The Chandigarh Administration's proposed amendments to the Chandigarh Master Plan 2031 would fundamentally alter the city's founding principles, doubling and tripling Floor Area Ratio (FAR) and permitting 30-metre-high buildings in residential and peripheral zones. The Punjab and Haryana High Court, in a May 29 judgment, reaffirmed the plan's inviolability and ruled against a flyover at Tribune Chowk, citing heritage protections.
What the Amendments Propose
On May 22, the Administration notified draft amendments to the Master Plan, followed by a supplementary addendum on May 29. Key changes include: raising FAR from 1.2 to 3.0 in Phase III residential areas, allowing heights up to 30 metres (approximately 10 storeys), imposing stilt-plus-four and stilt-plus-five building formats on neighbourhoods not designed for them, opening industrial plots to mixed residential and commercial use, and reclassifying over 400 acres of reserve land for commercial development. The public was given 21 days to respond.
Why Chandigarh Is Unique
Designed by Le Corbusier, Pierre Jeanneret, Jane Drew, and Maxwell Fry, Chandigarh was built on principles of Sun, Space, and Verdure as inviolable rights. The city is structured as a human body: Capitol Complex as Head, City Centre as Heart, Leisure Valley as Lungs. Its seven-tier road hierarchy separates traffic from pedestrians. The Capitol Complex is a UNESCO World Heritage site, and the city is recognized as Modern Heritage of Universal Value. The Master Plan 2031 set a terminal population ceiling of 16 lakh based on audited infrastructure limits.
High Court Ruling: Key Holdings
On May 29, a Division Bench of Chief Justice Sheel Nagu and Justice Sanjiv Berry scrapped the proposed flyover at Tribune Chowk. The court held that the Master Plan is inviolable and mandatory, that flyovers are banned city-wide due to heritage considerations, that heritage protections apply uniformly across all phases, and that the city was built for people, not vehicles. It noted Chandigarh has more registered vehicles than residents, the highest per capita car ownership in India. Five directions were issued: prohibit the flyover, permit an underpass, ban tree cutting, maintain heritage character of Phase I, and promote public transport.

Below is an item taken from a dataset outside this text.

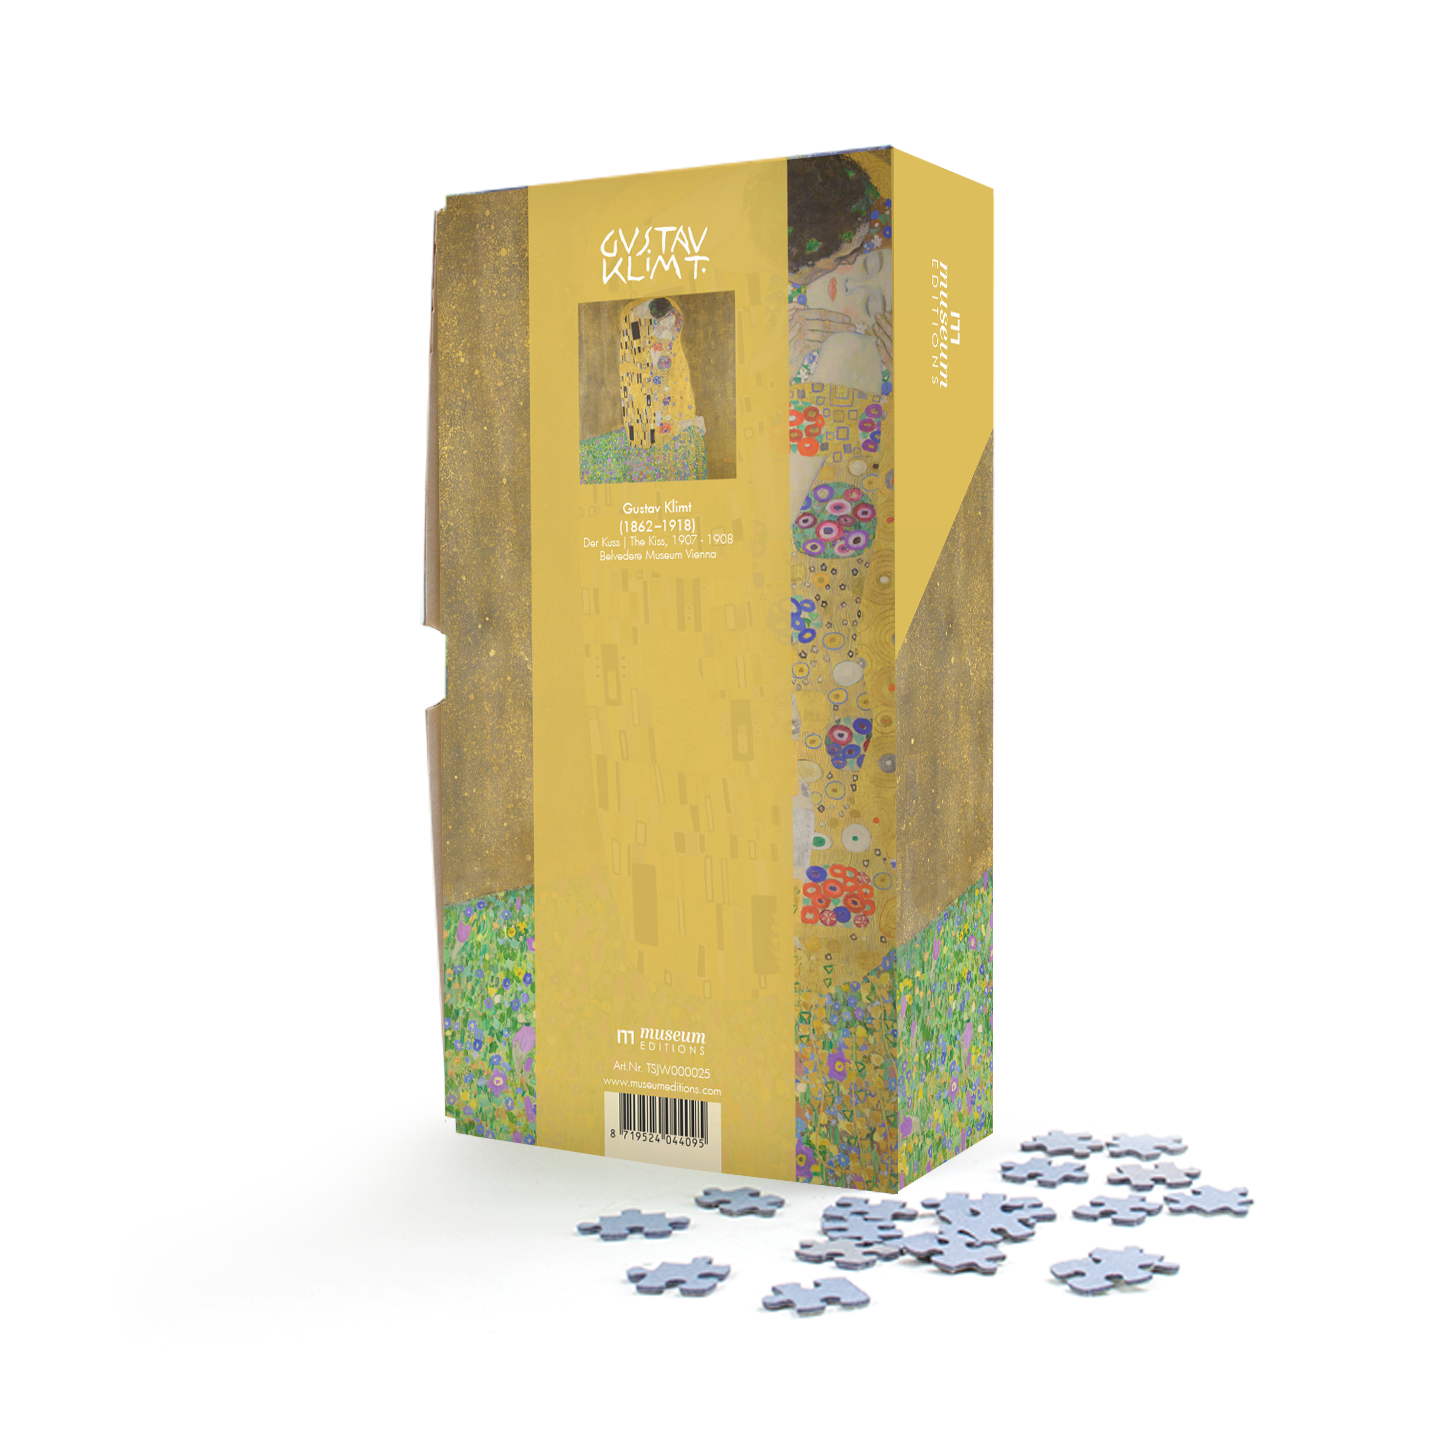 Puzzle, 1000 Pieces, Klimt, The Kiss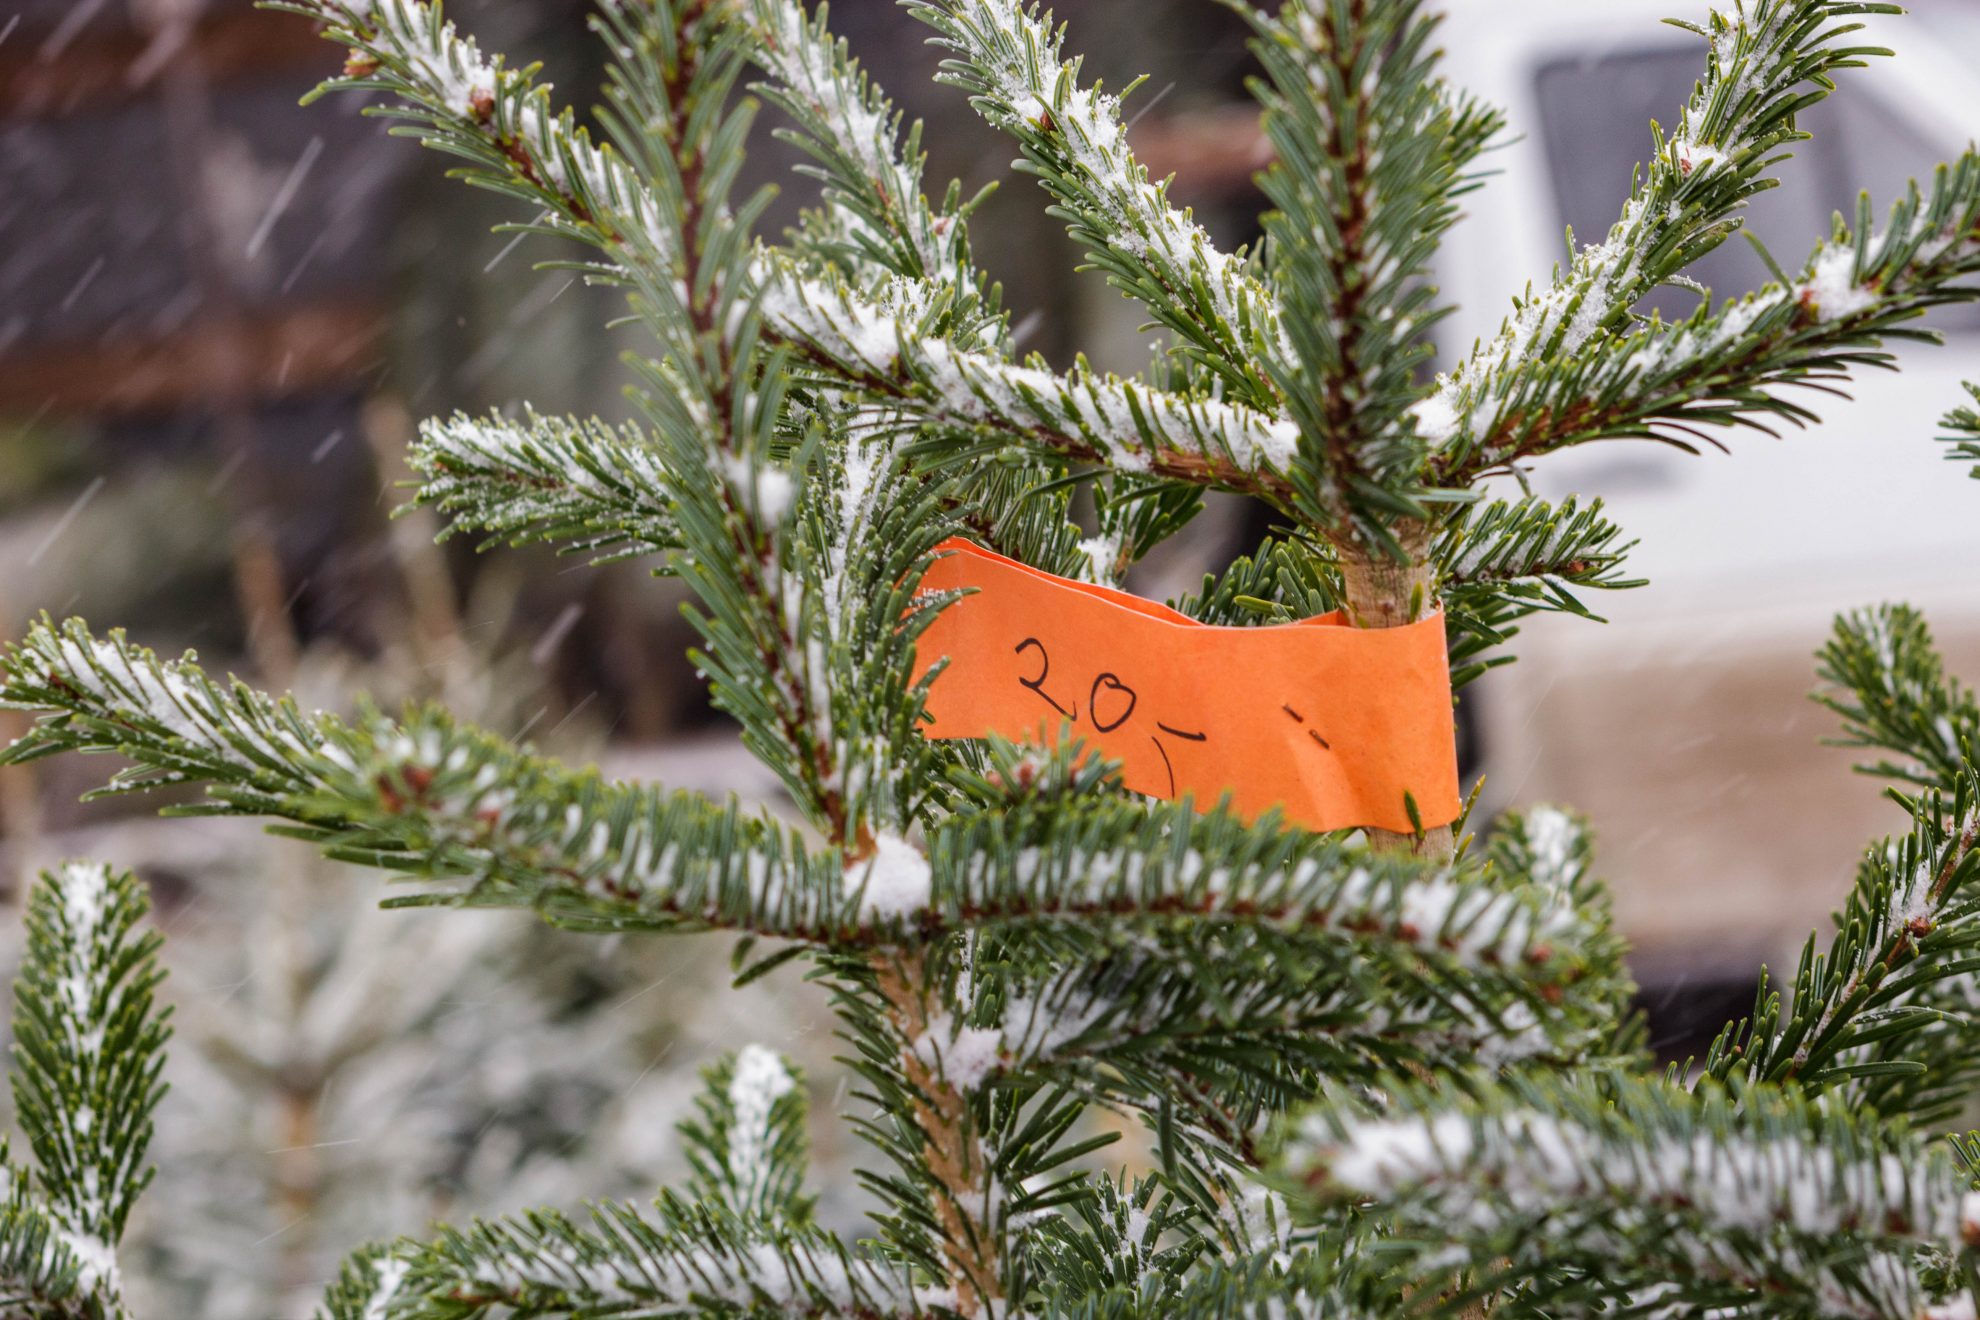 Nors kainos Lietuvoje nenumaldomai auga, miškininkai skelbia ruošiantys dovaną Kalėdoms – pigesnes nei pernai eglutes. Už papildomą mokestį jos bus supakuotos, bet pirkti Kalėdų eglės atėjusieji tik su grynaisiais piniginėje liks be puošmenos.

Opposition from Experts and Officials
Sumit Kaur, former Chief Architect who led the Master Plan's formulation, filed a 19-page objection. She argues the process is procedurally flawed: a consultant was hired to study holding capacity only after notifications were issued. She demands eight mandatory studies—infrastructure audit, traffic impact, environmental assessment, seismic vulnerability, holding capacity reassessment, social infrastructure gap, microclimate study, and heritage impact assessment—none of which have been conducted. She warns that stilt-plus-four typologies create seismic failure risk in Zone IV, 30-metre towers sever the Shivalik view corridor, and high-intensity zoning near Manimajra violates a 2022 MoEFCC ruling protecting a migratory bird corridor.
MP Manish Tewari submitted objections targeting process and substance. He notes the expert committee comprises eleven government officers with no independent experts, violating the Master Plan's mandate for a multidisciplinary panel. He demands reconstitution with six independent experts and two public representatives, and extension of the objection period to 60 days with ward sabhas. He calls for a publicly disclosed ward-wise civic infrastructure blueprint before any density increase, citing failed water supply and waste management projects as evidence of inadequate infrastructure.
Zone-by-Zone Impact
In Residential Phase II and III, new plotted development is halted; all new housing must be high-density group housing with stilt-plus-four formats. Phase III FAR rises 150% to 3.0, with heights up to 30 metres. Institutional FAR for schools rises from 1.25 to 2.0, for colleges and hospitals from 1.50 to 2.5, and minimum land norms for private schools are removed. In peripheral zones Maloya and Manimajra, 178 acres in Maloya Pocket 7 are designated for 30-metre high-rise housing at 250 persons per acre. The Industrial Area receives blanket FAR of 2.0 and 60% ground coverage, replacing site-specific controls. The Mixed Land Use corridor on Vikas Marg expands from 252 acres to 428 acres, consuming reserve land.
Legal Precedents and Next Steps
Two Supreme Court rulings create binding obligations: RWA v. UT Chandigarh (2023) mandates Heritage Conservation Committee vetting and infrastructure carrying-capacity tests; Tata Housing v. Aalok Jagga (2019) prohibits high-rises near Sukhna Wildlife Sanctuary under the Public Trust Doctrine. The screening committee must consider all objections. Experts demand withdrawal of amendments until mandatory studies are completed and the expert committee is reconstituted. The Chandigarh Regional Planning Board, mandated in the Master Plan but never activated, must be formed to direct growth outward. Residents can submit objections to the Chief Architect or petition ward representatives. The High Court's May 29 judgment serves as a legal instrument for challenges.